Of course. But if there are some heavily used macros and functions where it's easy to add them once and then get them used throughout the code, it's not much extra trouble even if the benefit is small.

Although now that I think about it, maybe many of those checks I used to put unlikely() in my code are nowadays pointless, because they call functions that I've since marked with __attribute__((cold)), which should put the unlikely()s there automatically. (But do they? I remember testing that the cold attribute did nothing in some gcc version.)

Likely unlikely()s

Posted Dec 19, 2010 3:39 UTC (Sun) by quotemstr (subscriber, #45331) [Link] (3 responses)

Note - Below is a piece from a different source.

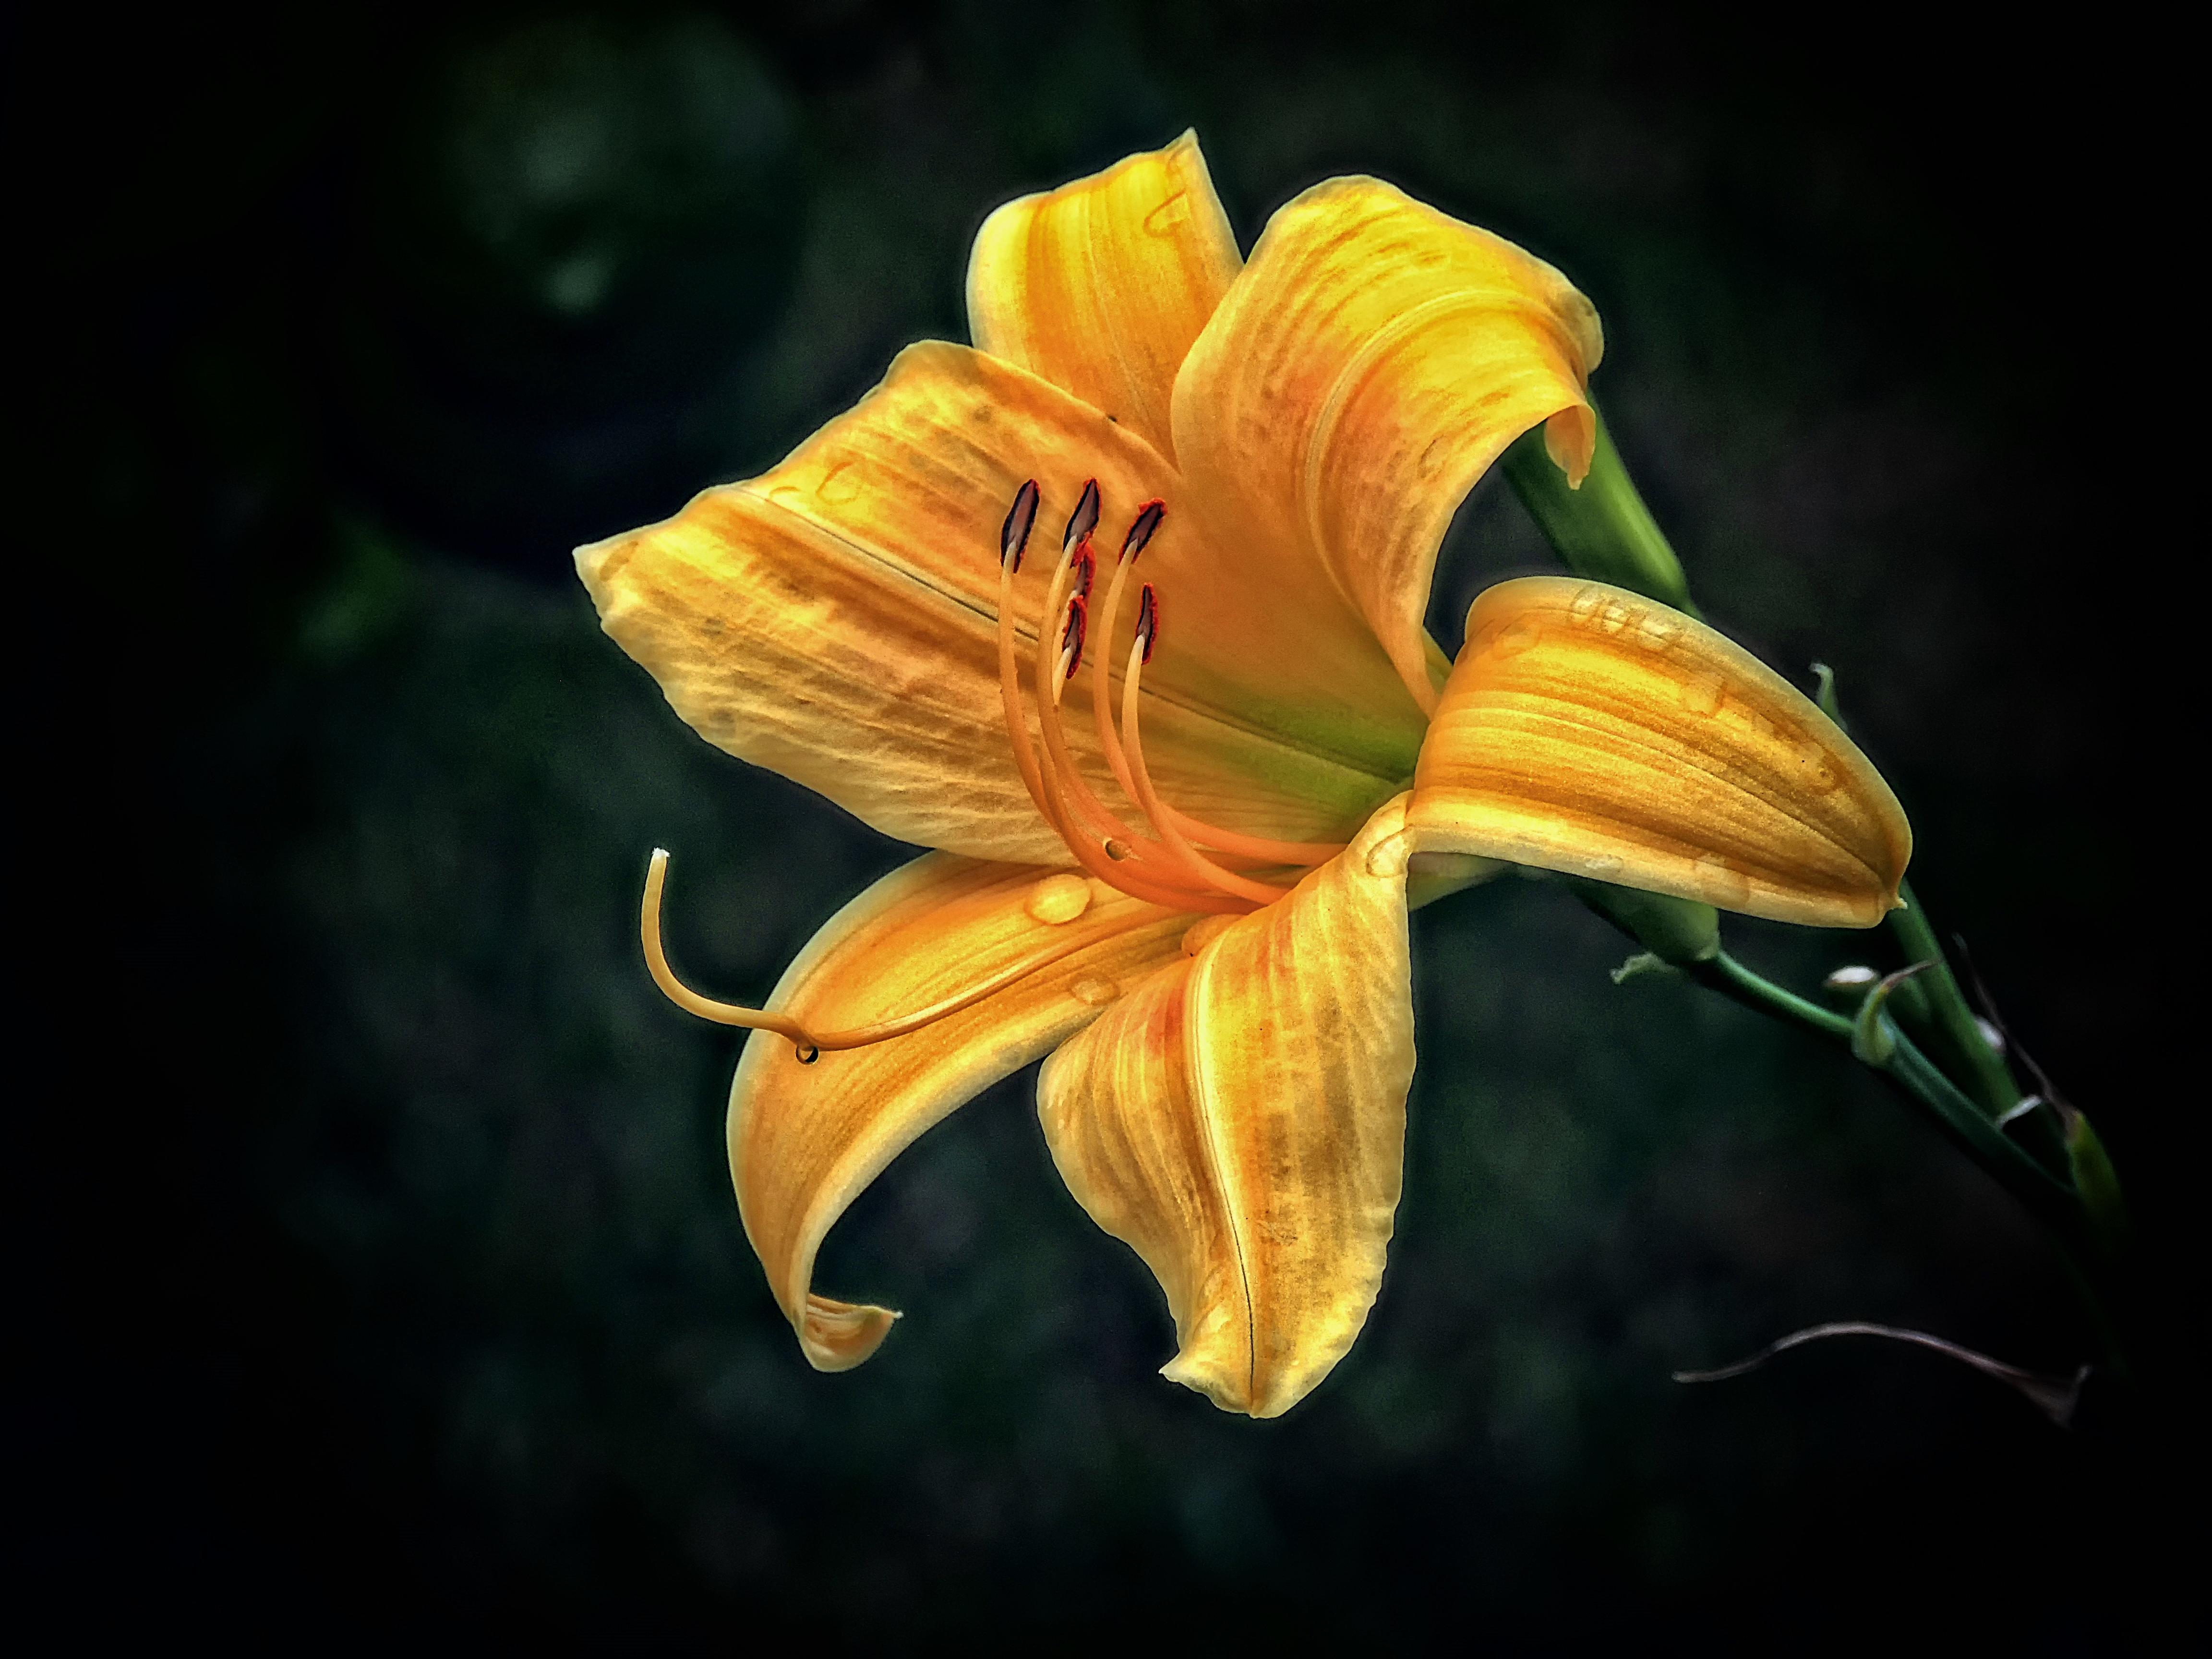 Фото лилия желтый цветок одинокий цветок - бесплатные картинки на Fonwall

You're assuming that p_correct and p_incorrect are constant over time, and they're often not. CPUs these days have large global branch prediction buffers and can detect fairly complex patterns (e.g., branch every third time) automatically. The overall result of this dynamic prediction may be superior to a purely static assertion, even if that assertion is correct on average.

Think of a branch that goes one way during the day and another way at night. If we suppose that activity is twice as high during the day, then we'll see a 2:1 branch bias in favor of the daylight path. But over smaller intervals of time (say, an hour), the branch bias will be almost totally in favor of one path or the other. Unlike static assertions, the CPU's automatic prediction can look at the specific circumstances of the system and make predictions based on recent behavior and specific circumstances. Using static branch prediction could actually hurt.

Likely unlikely()s

Posted Dec 20, 2010 20:35 UTC (Mon) by jzbiciak (guest, #5246) [Link] (2 responses)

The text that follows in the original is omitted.